Oxytocin receptor DNA methylation is associated with exogenous oxytocin needs during parturition and postpartum hemorrhage

Abstract

Background: The oxytocin receptor gene (OXTR) is regulated, in part, by DNA methylation. This mechanism has implications for uterine contractility during labor and for prevention or treatment of postpartum hemorrhage, an important contributor to global maternal morbidity and mortality.

Methods: We measured and compared the level of OXTR DNA methylation between matched blood and uterine myometrium to evaluate blood as an indicator of uterine methylation status using targeted pyrosequencing and sites from the Illumina EPIC Array. Next, we tested for OXTR DNA methylation differences in blood between individuals who experienced a postpartum hemorrhage arising from uterine atony and matched controls following vaginal birth. Bivariate statistical tests, generalized linear modeling and Poisson regression were used in the analyses.

Results: Here we show a significant positive correlation between blood and uterine DNA methylation levels at several OXTR loci. Females with higher OXTR DNA methylation in blood had required significantly more exogenous oxytocin during parturition. With higher DNA methylation, those who had oxytocin administered during labor had significantly greater relative risk for postpartum hemorrhage (IRR 2.95, 95% CI 1.53-5.71).

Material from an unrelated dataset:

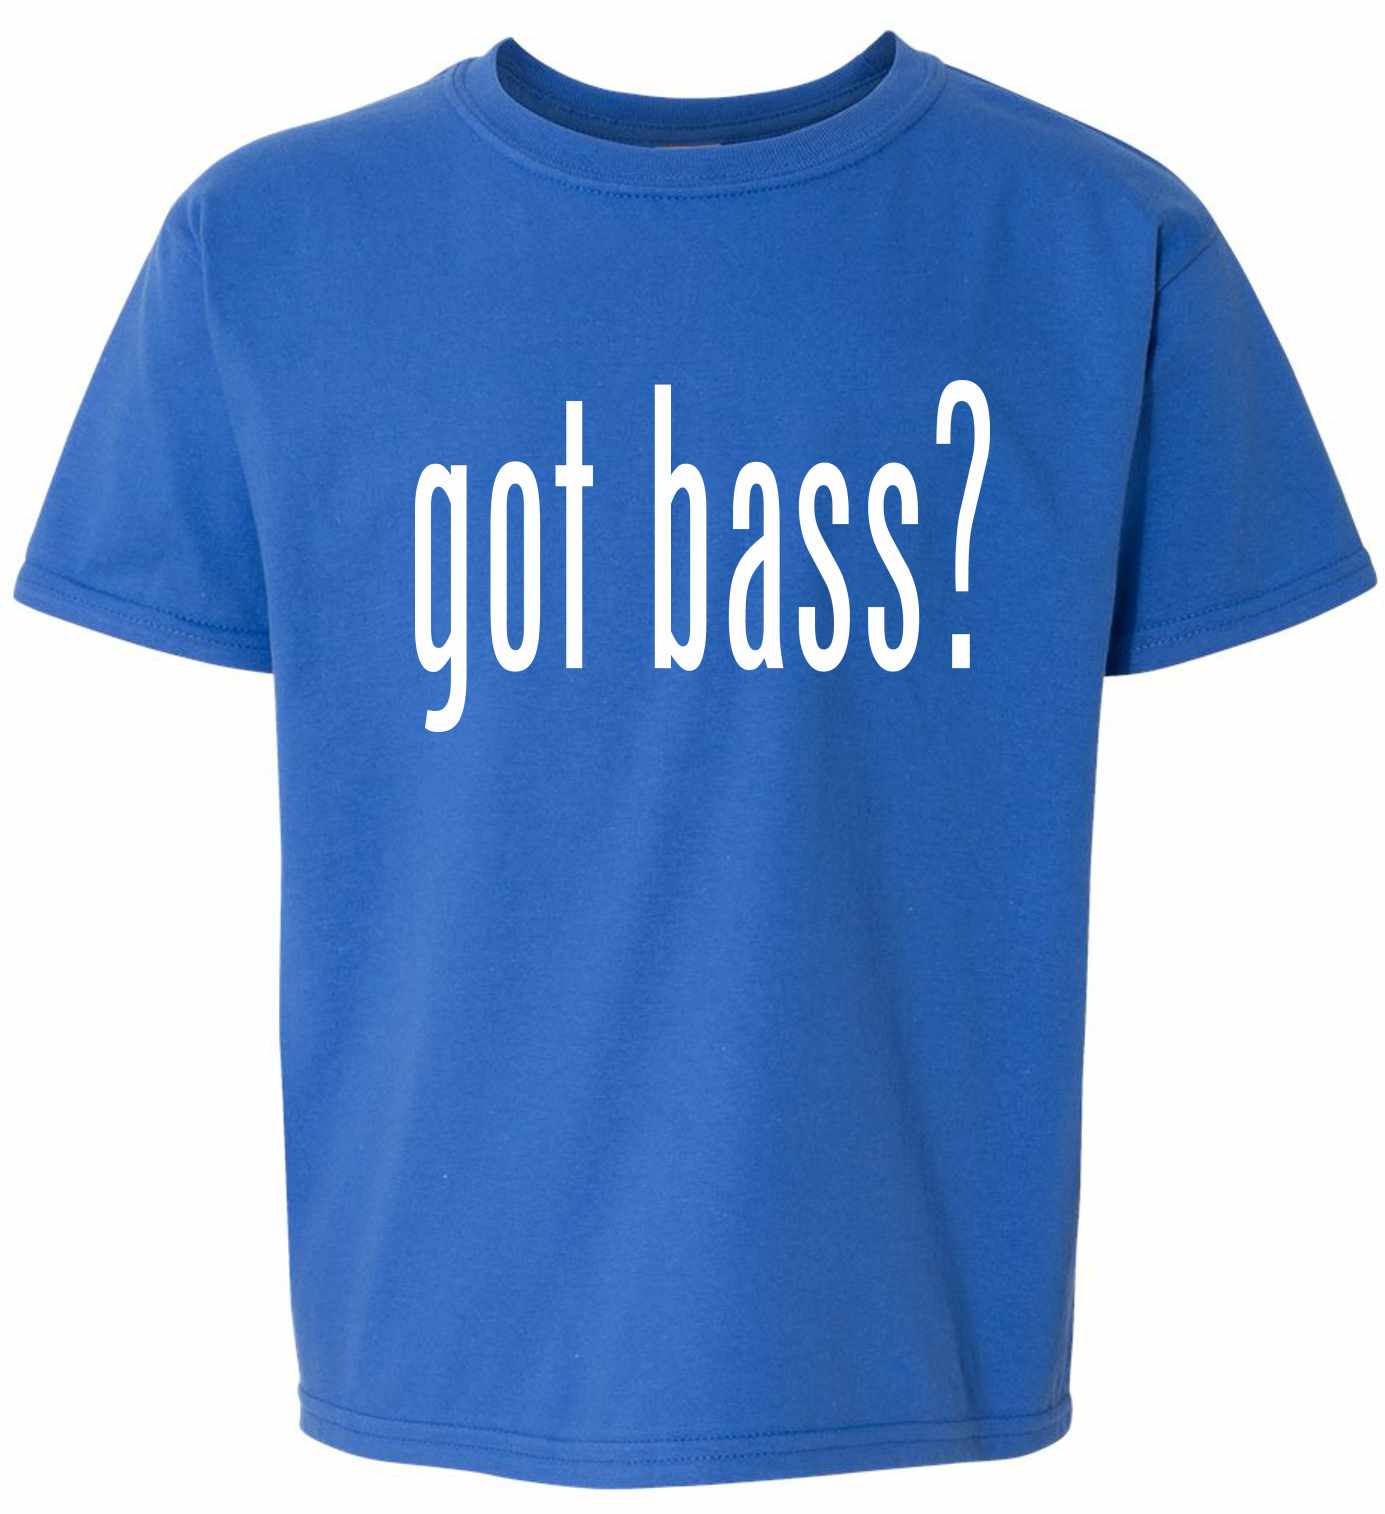 Got Bass? on Kids T-Shirt

Conclusions: We provide evidence that epigenetic variability in OXTR is associated with the amount of oxytocin administered during parturition and moderates subsequent postpartum hemorrhage. Methylation can be measured using a peripheral tissue, suggesting potential use in identifying individuals susceptible to postpartum hemorrhage. Future studies are needed to quantify myometrial gene expression in connection with OXTR methylation.

Fig. 1. OXTR gene schematic and location of CpG sites with significantly correlated methylation.

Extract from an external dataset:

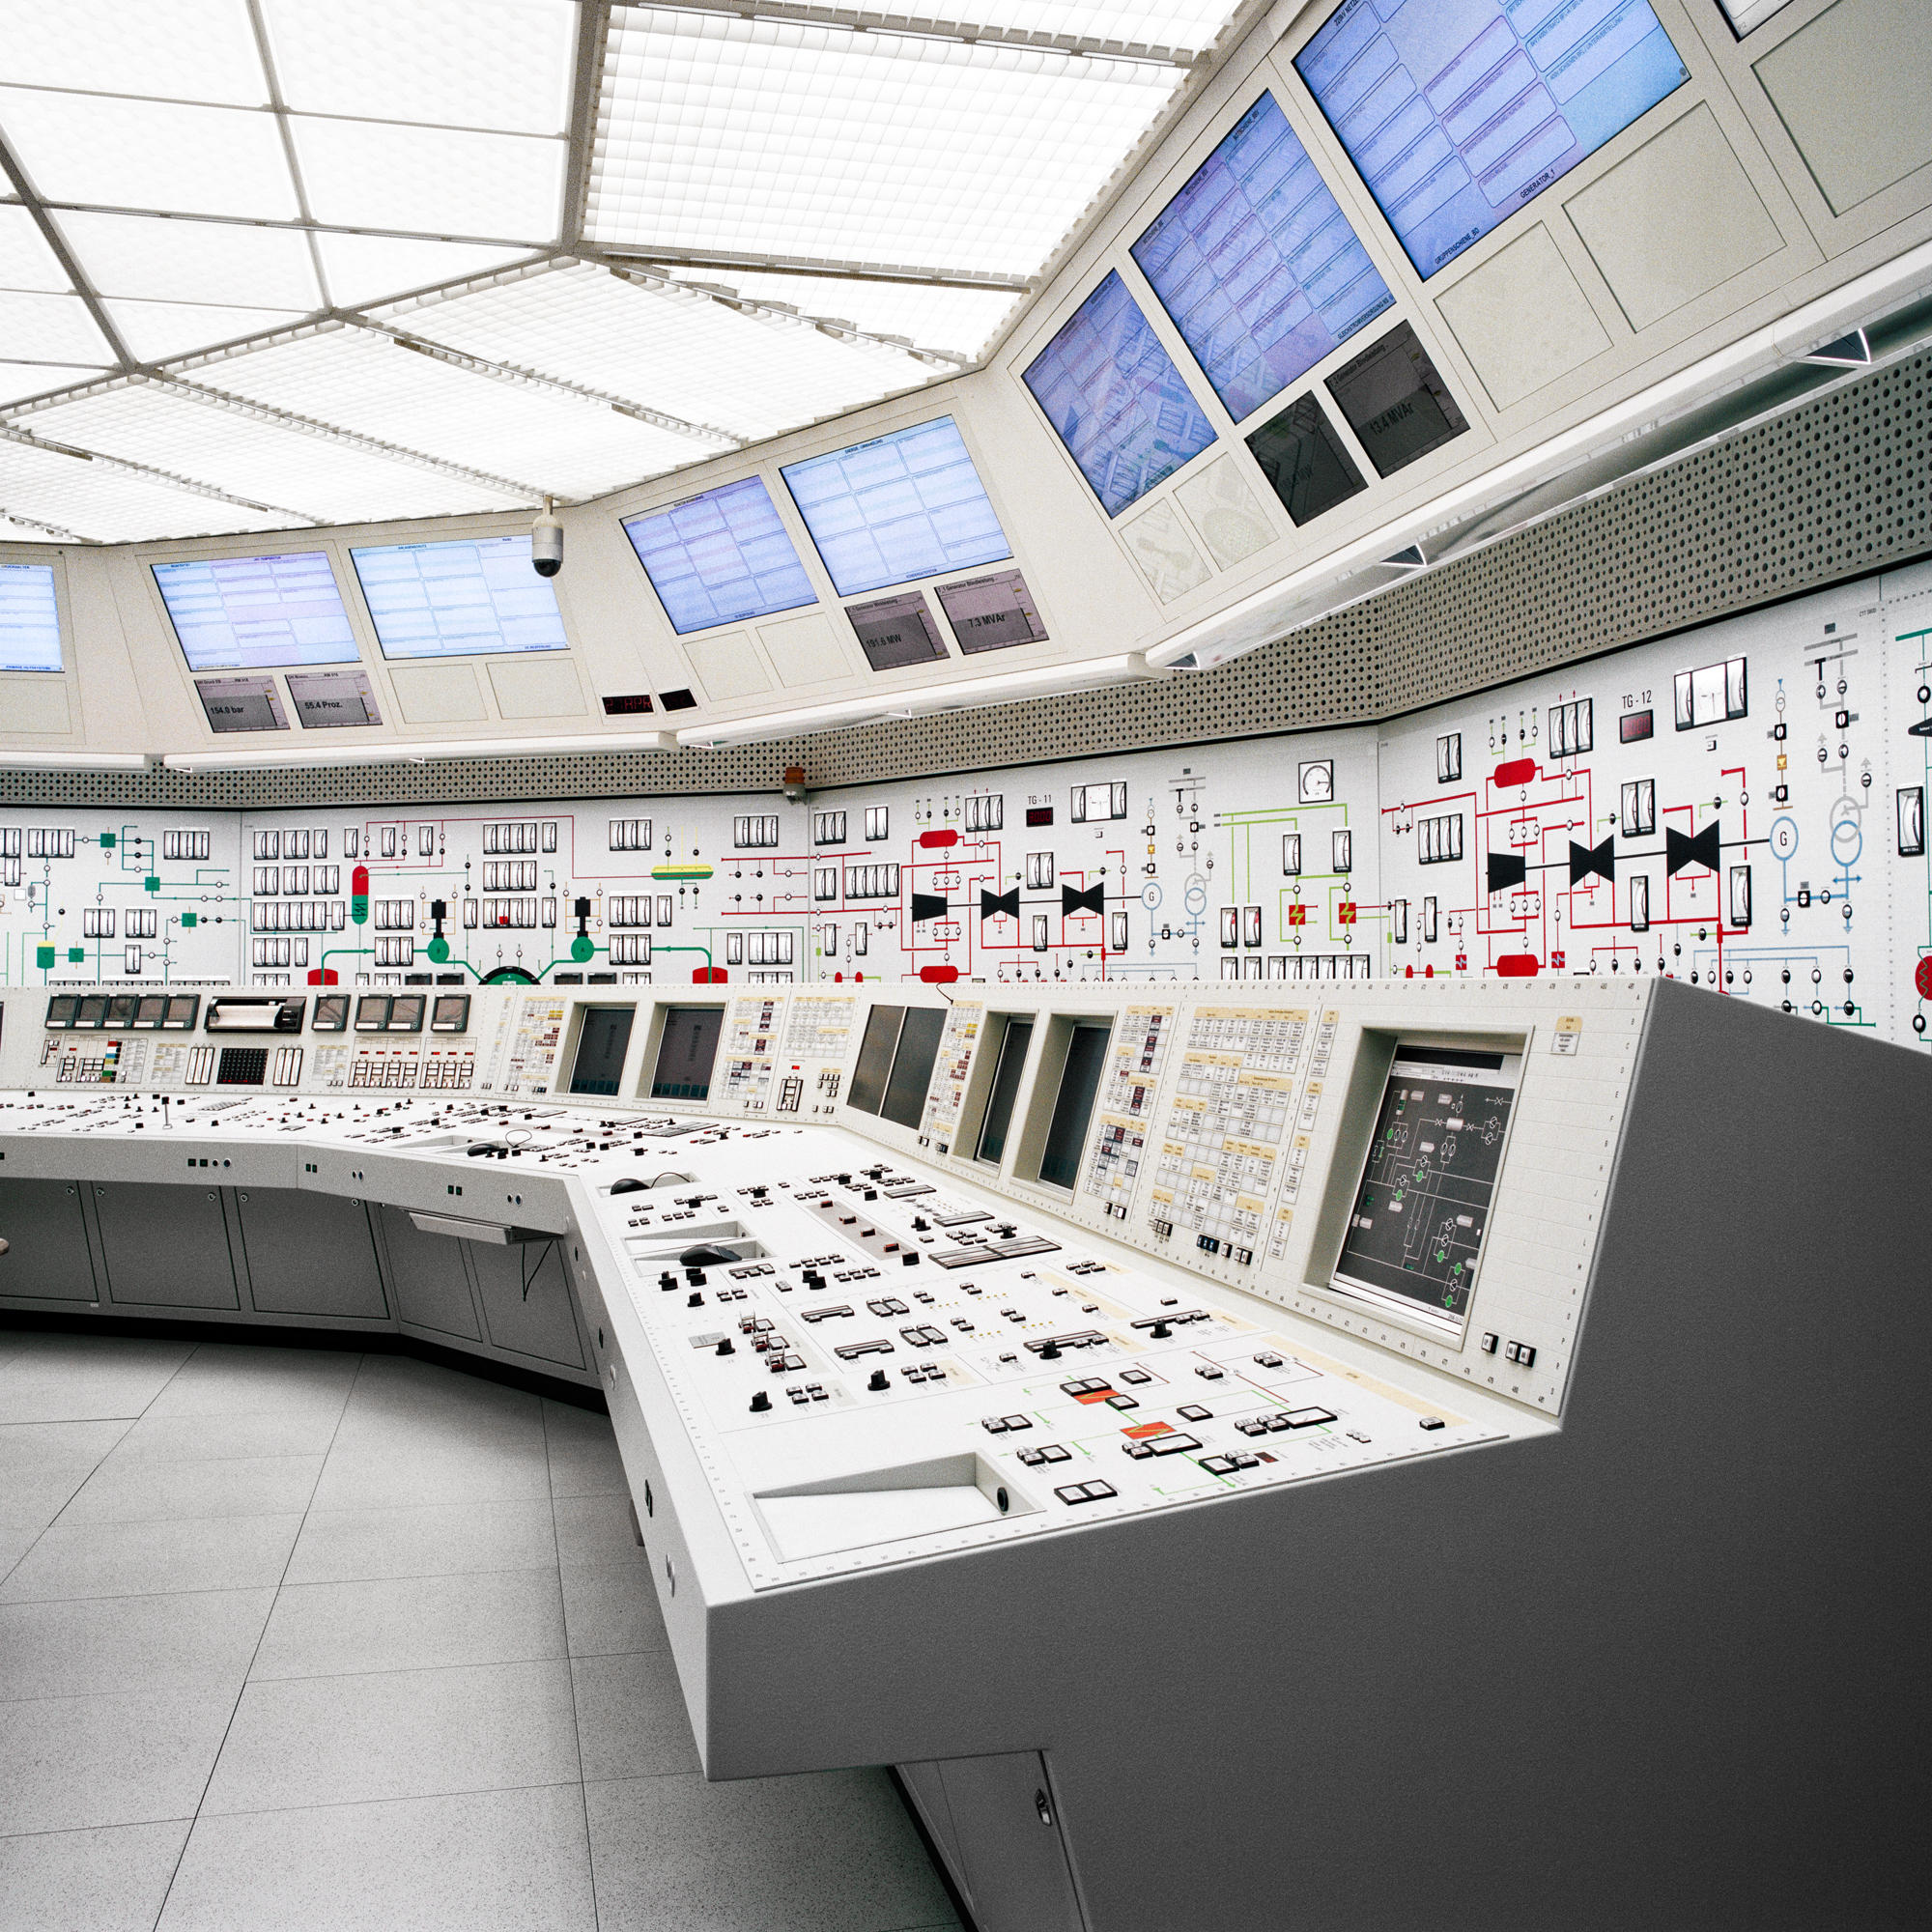 ベツナウ原子力発電所のシミュレーション・管制室（アールガウ州デッティンゲン）

Gene schematic of OXTR. Boxes represent exons and lines represent introns. Coding regions are in white and untranslated regions are in gray. The black arrow indicates the transcription start site. The black bar below the gene denotes the CpG island. The 5’ region of the gene is enlarged to show detail. Blue lines indicate CpG sites assayed by pyrosequencing and red lines indicate CpG sites assayed by Illumina Methylation EPIC 850 K array. CpG sites with significantly correlated DNA methylation in blood and myometrium are indicated by letters and Spearman’s rho is reported below the gene schematic.

Fig. 2. DNA methylation of CpG sites in OXTR are correlated in blood and myometrium.

A Significantly correlated CpGs between tissues (n = 26 participants with matched samples) p < 0.05 after correction for multiple comparisons using the Benjamini-Hochberg method: −924 (red): ρ = 0.52, p = 0.03, −934 (light blue): ρ = 0.65, p = 0.005, cg02192228 (green): ρ = 0.62, p = 0.001, cg03257388 (dark blue): ρ = 0.66, p = 0.005, cg11171527 (apricot): ρ = 0.55, p = 0.02, cg15317815 (lavender): ρ = 0.59, p = 0.01. B Differences in methylation levels at each CpG site between myometrium and blood, stars denote Bonferroni corrected significant differences: −934 (t(25) = 10.1, p = <0.001), −924 (t(25) = 9.6, p < 0.001), cg15317815 (t(24) = 3.2, p = 0.004), cg02192228 (t(24) = −4.3, p = 0.003), cg03257388 (t(24) = 1.12, p = 0.27), cg11171527 (t(24) = 2.2, p = 0.04). Whiskers denote +/−1.5 x interquartile range.

Fig. 3. Cases of postpartum hemorrhage had lower DNA methylation when labor was not stimulated by oxytocin.

A Star denotes significant difference in total DNA methylation between cases of postpartum hemorrhage cases and controls among participants whose labor was not stimulated with oxytocin (red box plots, n = 38), z = 2.84, p = 0.003. B Difference in DNA methylation between postpartum hemorrhage cases and controls when oxytocin was used in labor (blue box plots, n = 53) z = −1.86, p = 0.06. Whiskers denote +/−1.5 x interquartile range.

Fig. 4. Increased OXTR DNA methylation is associated with increased oxytocin use and total postpartum blood loss only when oxytocin is administered during labor.

Red dots show participants without oxytocin use in labor (n = 38); blue dots denote oxytocin was used in labor (n = 53). Shaded area denotes 95% CI of regression line. A Higher −934 OXTRm is associated with higher intra/postpartum administration of oxytocin among participants receiving oxytocin (blue dots). B Postpartum bleeding volume associated with DNA methylation however, severity increased when oxytocin was used in labor.